Review #2, by Maelody In Which A Date

21st February 2014:
Haha! The poems! I loved them!

I like how both you and your partner really were able to keep up the humor in such awful first dates. Unfortunately for Albus, his didn't work out in the end. Good! Emmalyn was a little stuck up anyway! Haha expecting goodies on a first date? At least give the guy a chance to see if he'd do anything at Hogsmead! Lol

I like how in the beginning, it started off really bad, and how little details were brought up like the spider, and her weird thing with eyelashes. His defensive response was hilarious, too! Then, with the rhyming, things seemed to pick up a little. She seemed to be either enjoying herself, or trying to get back at him with each one, I couldn't tell. But it was funny, and I had hope for the two haha.

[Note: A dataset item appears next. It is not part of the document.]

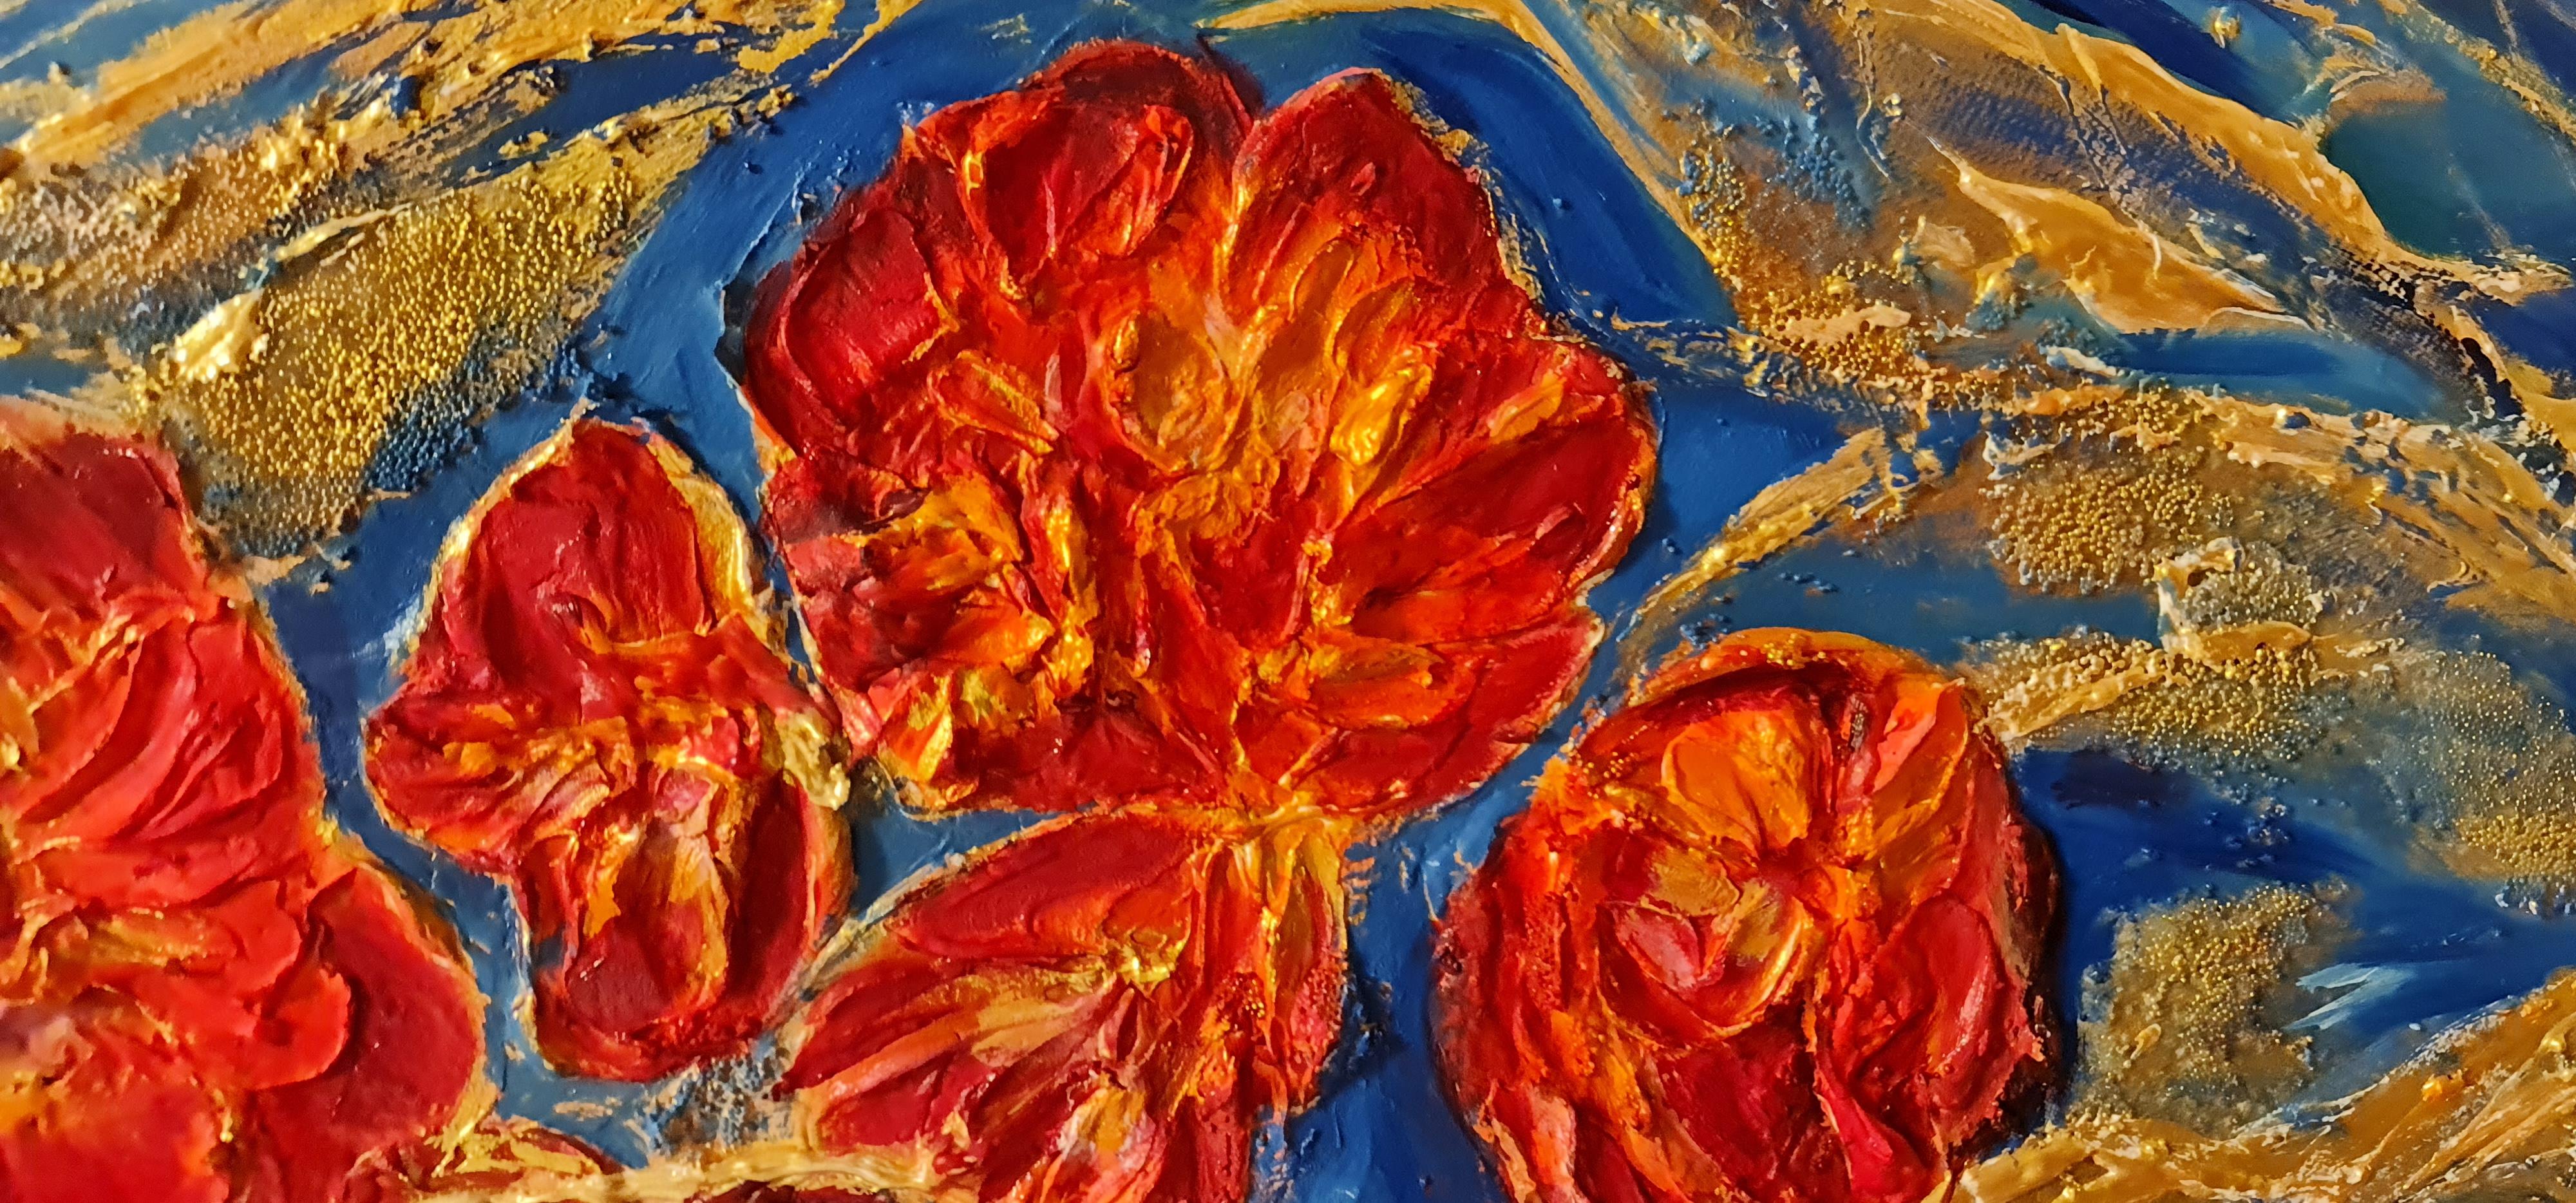 Nature morte de fleurs écarlates et orange sur fond bleu. Une composition intéressante. L'espace de la toile est entièrement rempli de fleurs. Mais il y a de l'air dans les interstices. Cela rend la peinture plus raffinée. La combinaison de l'orange

I think Al needs an awkward button. Whenever he's being awkward or about to do something awkward, someone pushes it to help him out haha. Maybe it would have kept him from thinking a kiss would calm her down! He seemed to enjoy it though, so I hope he can get over her easily. Either that, or that they work everything out and she gives him another chance.

I thought this story was very cute and funny. You and your partner did a wonderful job with the connection you chose and the pairs you wrote over. I wish you two the best of luck!

~Mae

Author's Response: Hehe, yes, Emmalyn is bit stuck up and snobby... but that's what makes her fun in Albus' eyes. ;)

I had some hope for the pair too but alas... it didn't work. She did start to enjoy herself later on in the date and she did kind of use to rhymes to tease him a bit.

The kiss... lol, it was a last minute thought for Albus... a rash decision. Emmalyn was more sad that her Valentine's Day didn't go well than mad at the end.

Thanks for the sweet review. I enjoyed reading all your thoughts. Thanks again!

~Sama


 Report Review

Review #3, by HeyMrsPotter In Which A Date

18th February 2014:
Hey :) I just read Meg's part of your speed dating entry and really enjoyed it.

I really like that you've used an original character as the focus of your story. Hers and Albus' inner monologues of annoyance and bewilderment at each other really had me laughing. I can only imagine how furious I would be if the guy who had asked me on a date turned up empty handed after having forgotten about the date!I also love that it isn't a date that both participants are thrilled to be going on and their liking of each other happens as the date goes on. The roses are red poems were brilliantly funny too :)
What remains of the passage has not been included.